De retour parmi les vivants

Jamais je n’avais vu les glaciers aussi étincelants, aussi écrasants de puissance et de lumière. Ils faisaient miroiter leurs arêtes coupantes dans ce ciel d’un bleu surréaliste, altiers, austères et indifférents comme des officiers en grand uniforme. C’est le dernier souvenir que j’emporte d’eux.

De ce minuscule avion qui m’emmenait enfin à Lima, j’ai regardé se dérouler en bas les plis veloutés de la Cordillera Negra, avec un pincement au coeur pour tout ce que je n’aurai pas vu et fait au Pérou. Et un immense, un insondable épuisement.

L’ambulance a mis une bonne heure pour nous rejoindre à l’aéroport, puis une autre encore, toutes sirènes dehors, pour rallier l’hôpital. Typique du chaos perpétuel qui caractérise la circulation à Lima. Malgré la sirène et les gyrophares, les gens ne font même pas mine d’essayer de céder le passage, alors le chauffeur doit gueuler dans des haut-parleurs pour les exhorter à le faire. Paraît que plein de gens meurent comme ça en ambulance à cause de l’indifférence des automobilistes liméniens. Une chance que je n’étais pas à l’article de la mort…

À l’hôpital, on m’a mise aux soins intensifs. Électrodes, perfusion, oxygène, tensiomètre, oxymètre (pour mesurer le taux d’oxygène dans le sang), on m’a fait des prises de sang, on m’a posé mille fois les mêmes questions. J’étais plus ou moins consciente de ce qui m’arrivait, je pense.

Heureusement.

Devant l’incapacité de mes poumons à absorber ne fût-ce qu’un peu des je ne sais combien de litres d’oxygène à la minute qu’on leur envoyait (10? 15?), on a décidé de me mettre sous respirateur, ultime tentative pour m’aider à «prendre mon gaz égal» avant la solution extrême qu’est l’intubation.

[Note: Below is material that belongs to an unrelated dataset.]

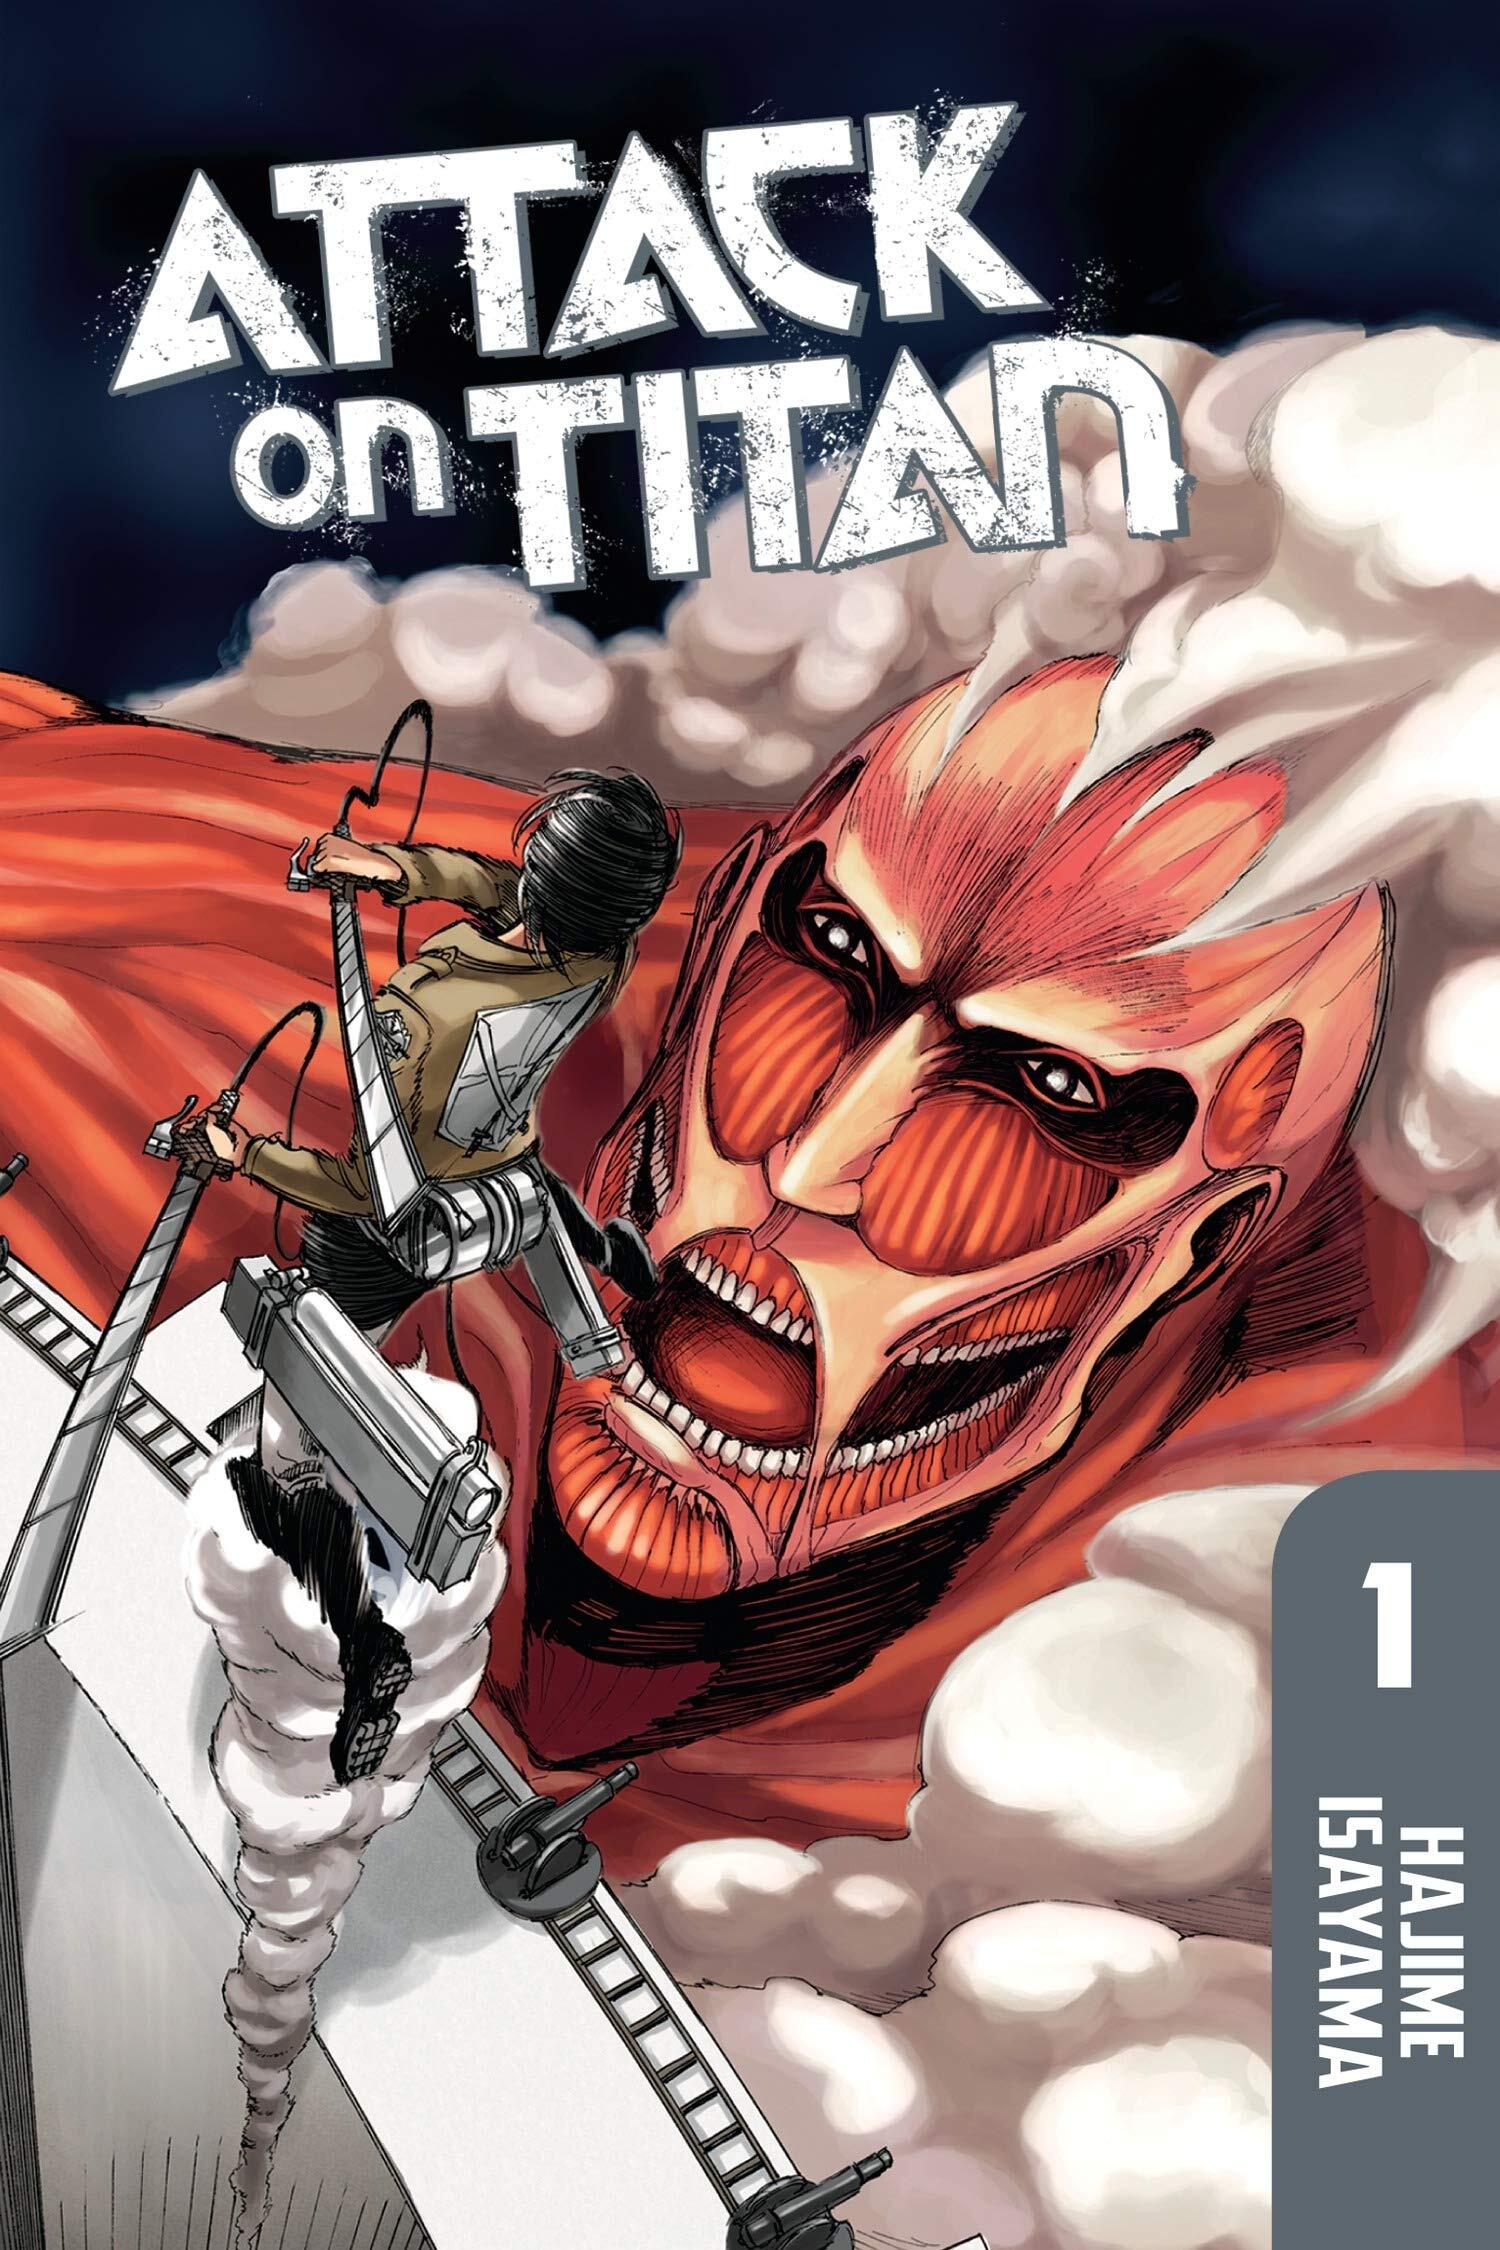 L'Attaque des Titans - Tome 01 - L'Attaque des Titans T01 - Hajime Isayama,  Hajime Isayama - broché - Achat Livre ou ebook

Pour ça, on te strappe l’équivalent en polycarbonate du masque d’Hannibal Lecter bien serré dans la figure, mais bien serré comme dans hermétiquement, et tout à coup c’est plus toi qui décides quand et comment tu vas respirer. C’est la machine.

Quand j’ai eu compris que le pneumologue, après avoir réglé l’appareil à sa satisfaction, allait vraiment me laisser comme ça, comme une truite hors de l’eau, sans air, sans défense, sans recours, j’ai vraiment cru mourir.

J’ai passé la première partie de la nuit à pleurer et à me débattre dans la panique la plus complète et dans une sorte de brouillard hallucinatoire rempli d’images cauchemardesques. J’ai fini par réussir à me calmer en imaginant le fleuve Saint-Laurent, des arbres qui frémissent dans le vent, un grand parc avec un banc, et en me parlant: «Tu te calmes, tu ne peux aller nulle part de toute façon, tu restes ici, tu ne vas pas mourir. Tu te calmes, tu ne peux aller nulle part de toute façon, tu restes ici, tu ne vas pas mourir.»

Au matin, quand on m’a enfin enlevé le masque, j’ai pleuré de soulagement, de fatigue, de détresse. On m’a servi un petit-déjeuner que j’ai mis un temps fou à manger, incapable que j’étais de manipuler les couverts, de déplier ma serviette, de porter le pain à ma bouche. Je me sentais complètement hébétée, décérébrée, j’étais convaincue qu’on m’avait droguée, mais non, c’était juste le résultat du premier round.

Le Dr Geng est venu me voir, un homme d’une bonté infinie, pour m’expliquer les tests qu’on allait faire, les diagnostics possibles, ce qui allait se passer, comment on procéderait. Je n’ai pas tout compris parce que mon cerveau était encore en mode redémarrage, mais je me souviens de lui avoir demandé: « Doctor, digame que no voy a morirme acá» (dites-moi que je ne vais pas mourir ici), et je me souviens de son bon regard et de sa main sur mon bras quand il m’a dit : «Non, mais non.»

C’était pas si convaincant, finalement, mais j’ai préféré le croire.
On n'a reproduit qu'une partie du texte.